Turkish Constitutional Court deems anonymous testimony sufficient grounds for arrest

In a landmark ruling, Turkey’s top court has ruled that anonymous testimony containing “strong evidence of a crime" is sufficient grounds for arrest.

Duvar English

Turkey’s Constitutional Court has ruled that secret testimony showing “strong evidence of a crime” is sufficient to arrest suspects without any further supporting evidence, according to reporting by Deutsche Welle Turkish. 

The controversial and landmark decision by the court comes as the practice of arresting people based on secret testimony has rapidly increased in recent years. The first instance of the use of this practice was by prosecutor Zekeriya Öz during the Ergenekon deep state investigation in 2012, and has greatly increased since the coup attempt against President Erdoğan’s Justice and Development Party (AKP)-led government in 2016.

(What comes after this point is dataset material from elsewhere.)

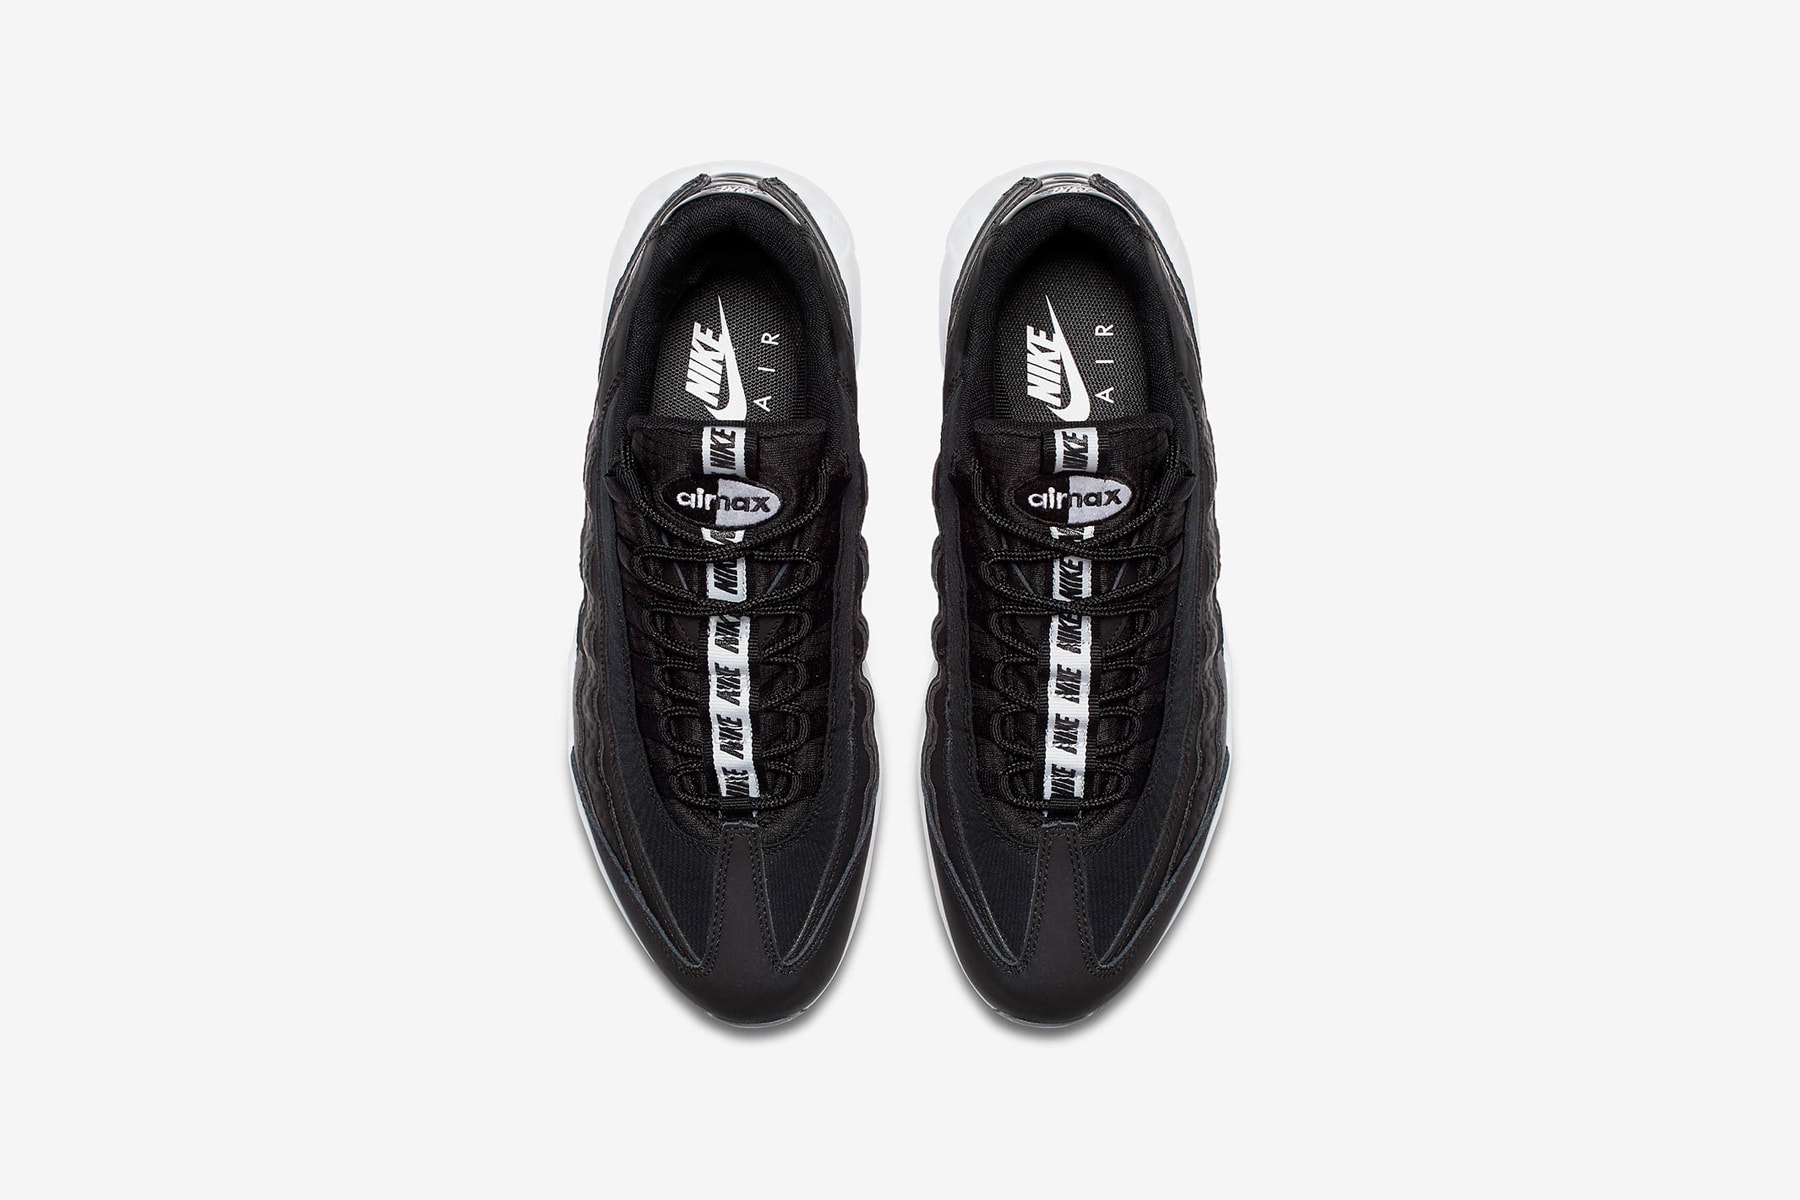 nike air max 95 pull tab slip on black insole top view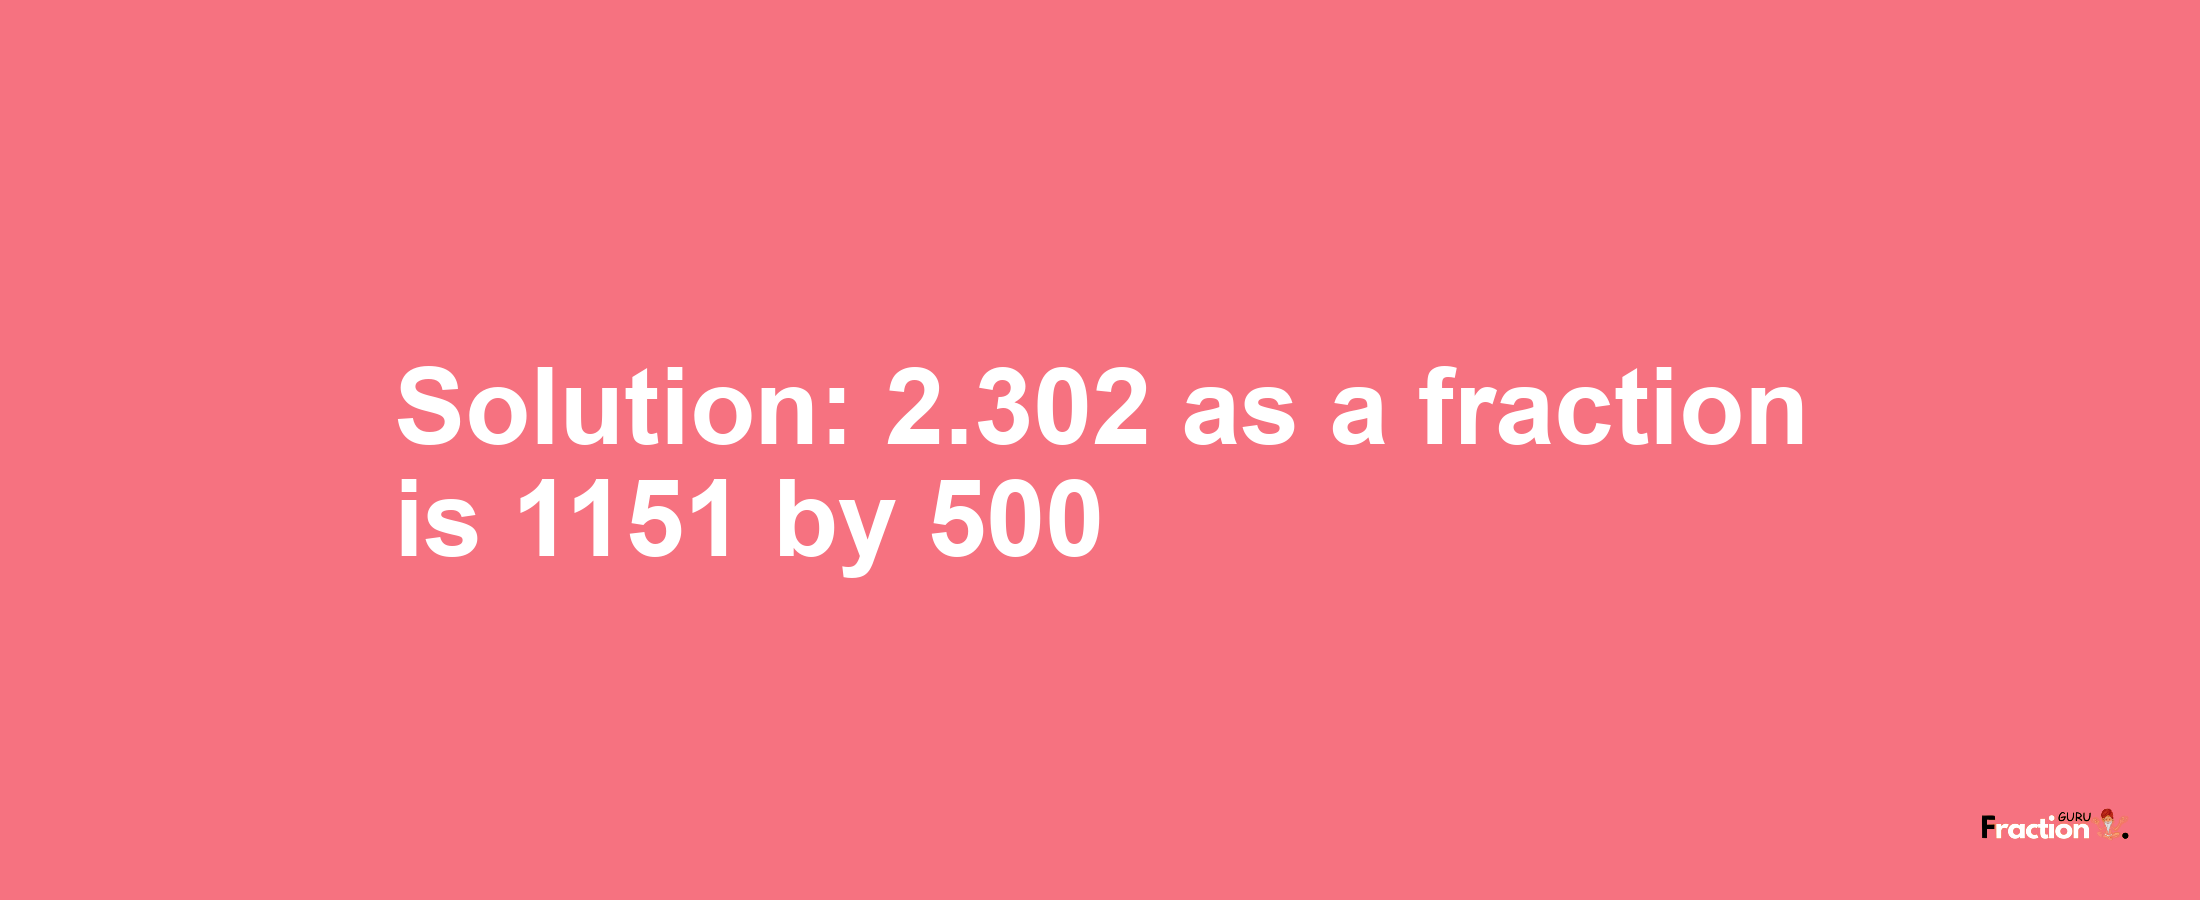 Solution:2.302 as a fraction is 1151/500

Critics and human rights advocates say the practice has been used to fabricate testimony and silence dissent and resistance. 

However, the top court said that if secret testimony produces “concrete evidence” of a criminal act, it is sufficient for arrest. 

The court's ruling concerns the 2020 arrest of Diyarbakır Eğil Municipality's former council member Rıza Barut. The court said that Barut's arrest based on secret testimony was illegal because the statement used to charge him with "membership in a terrorist organization” was "abstract." If "concrete," his arrest would have been legal, the top court ruled. 

The court said that if statements made by a secret witness include specifics such as name, date, and time, and if the statements can be verified and cross-examined as “concrete,” then they are sufficient grounds for arrest.